--- DATA EXCERPTS Enclosed Below ---
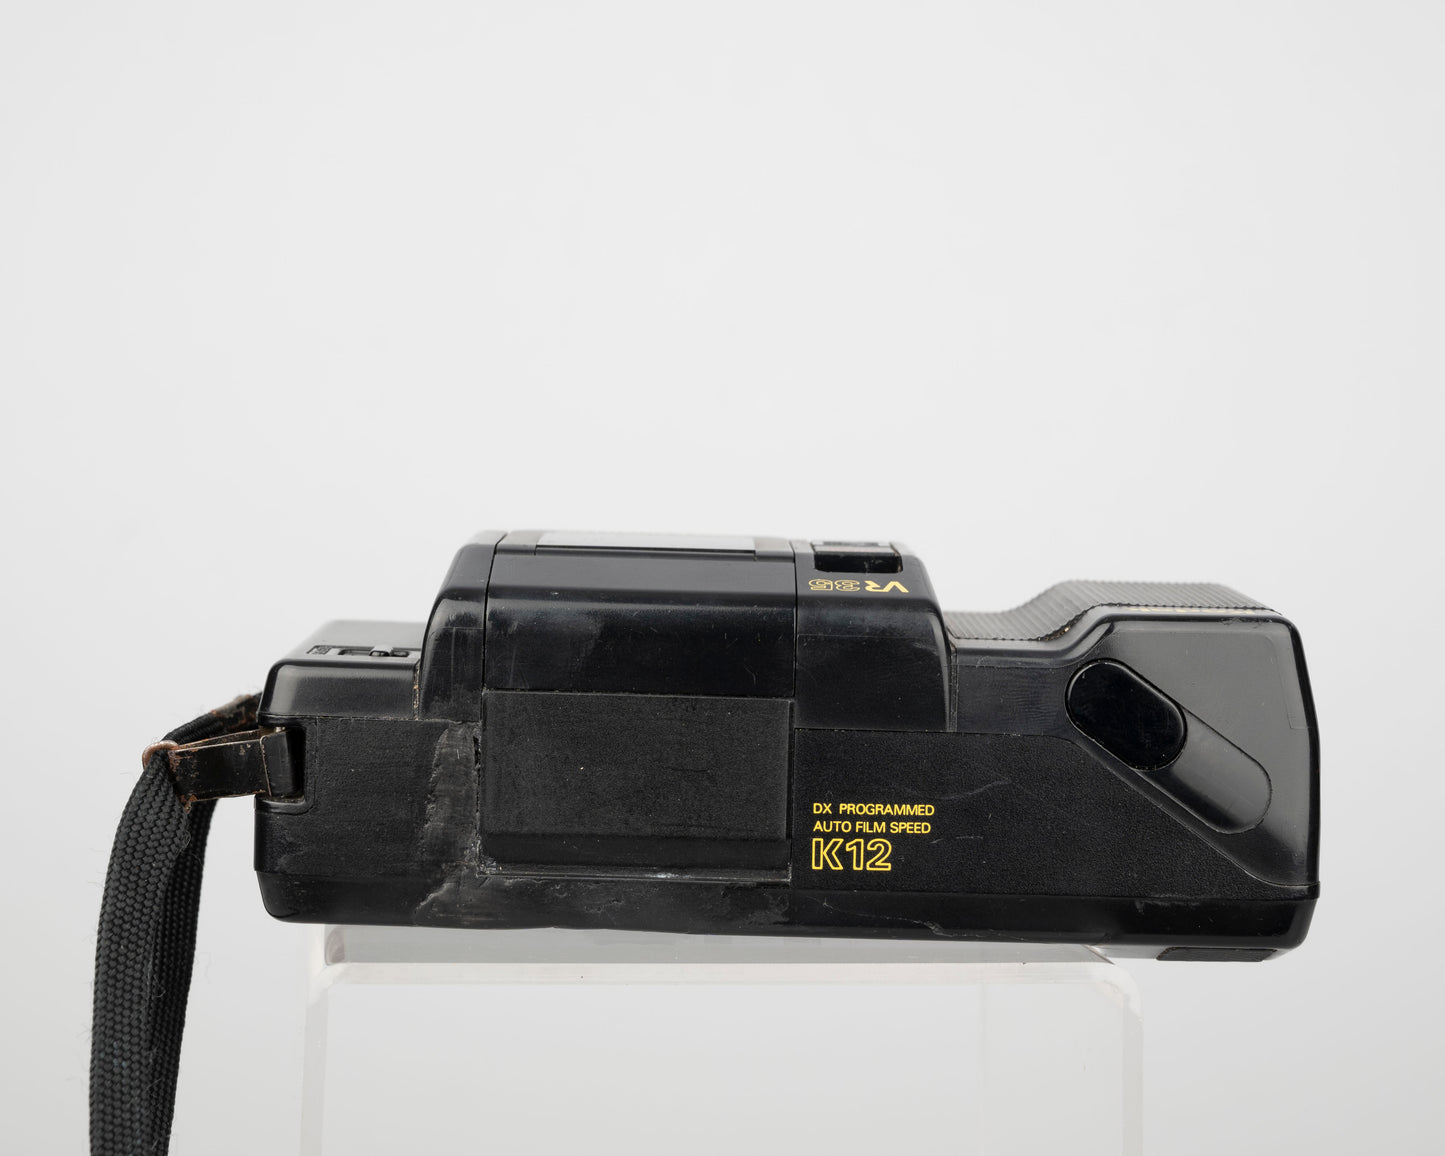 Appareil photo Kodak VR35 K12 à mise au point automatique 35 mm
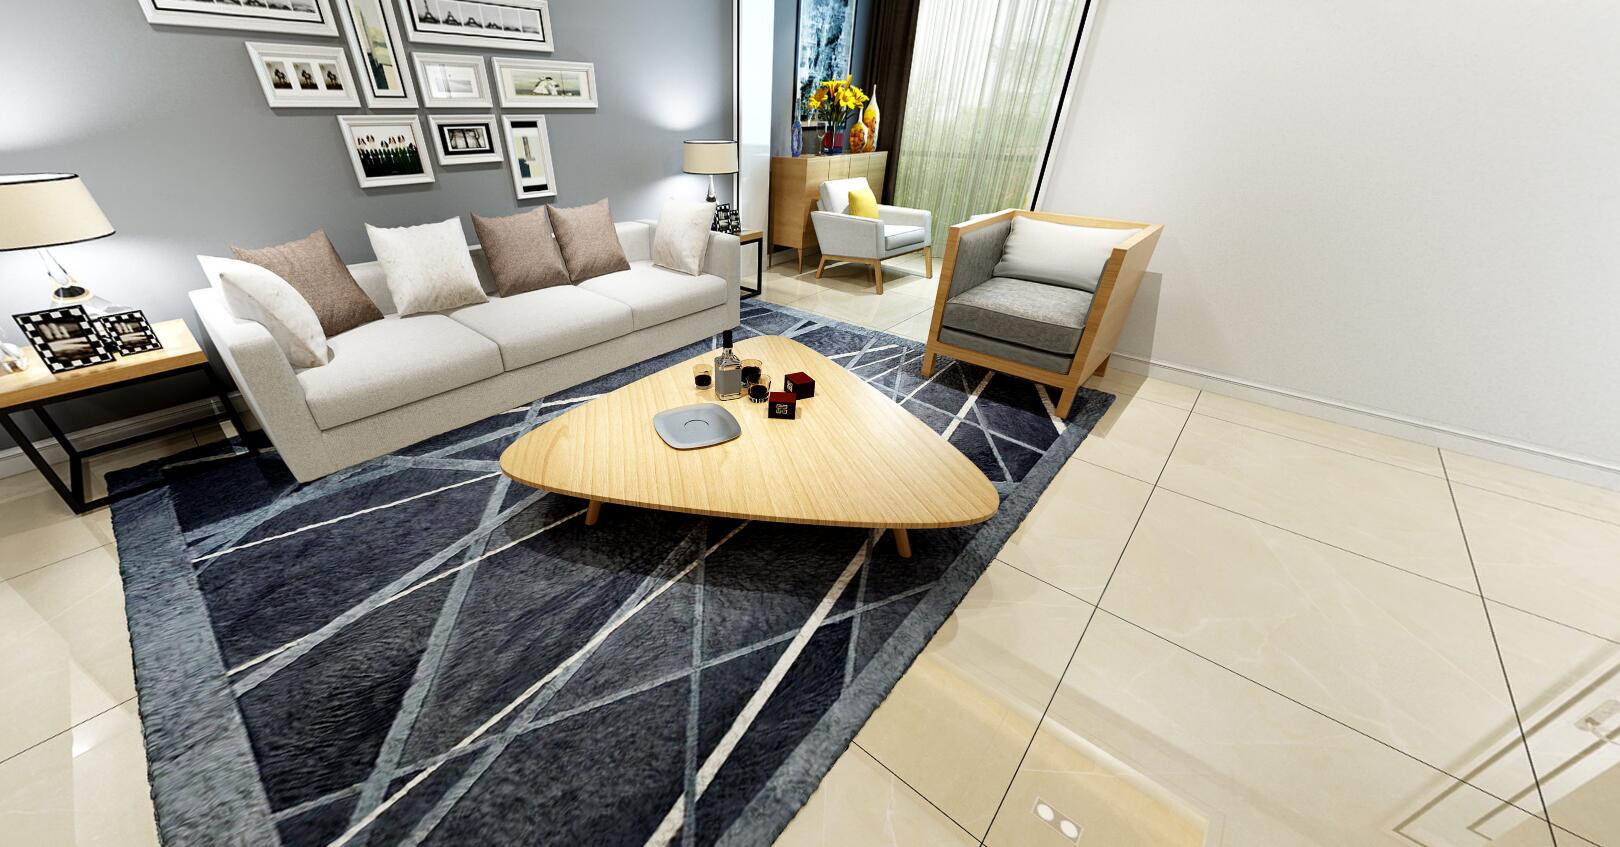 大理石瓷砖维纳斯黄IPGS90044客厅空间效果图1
--- End of Enclosed DATA EXCERPTS ---
--- DATA EXCERPTS Enclosed Below ---
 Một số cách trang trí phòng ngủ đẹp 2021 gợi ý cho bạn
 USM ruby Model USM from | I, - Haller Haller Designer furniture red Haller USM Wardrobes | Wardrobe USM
--- End of Enclosed DATA EXCERPTS ---
■ **REQUIREMENT**
The lines to set down run from the line with "Appareil photo Kodak" up to and including the line with "大理石瓷砖维纳斯黄IPGS90044客厅空间效果图1" in the entries above. Reproduce them exactly, with no pictures.

■ **EXERCISE RESPONSE**
 Appareil photo Kodak VR35 K12 à mise au point automatique 35 mm
 大理石瓷砖维纳斯黄IPGS90044客厅空间效果图1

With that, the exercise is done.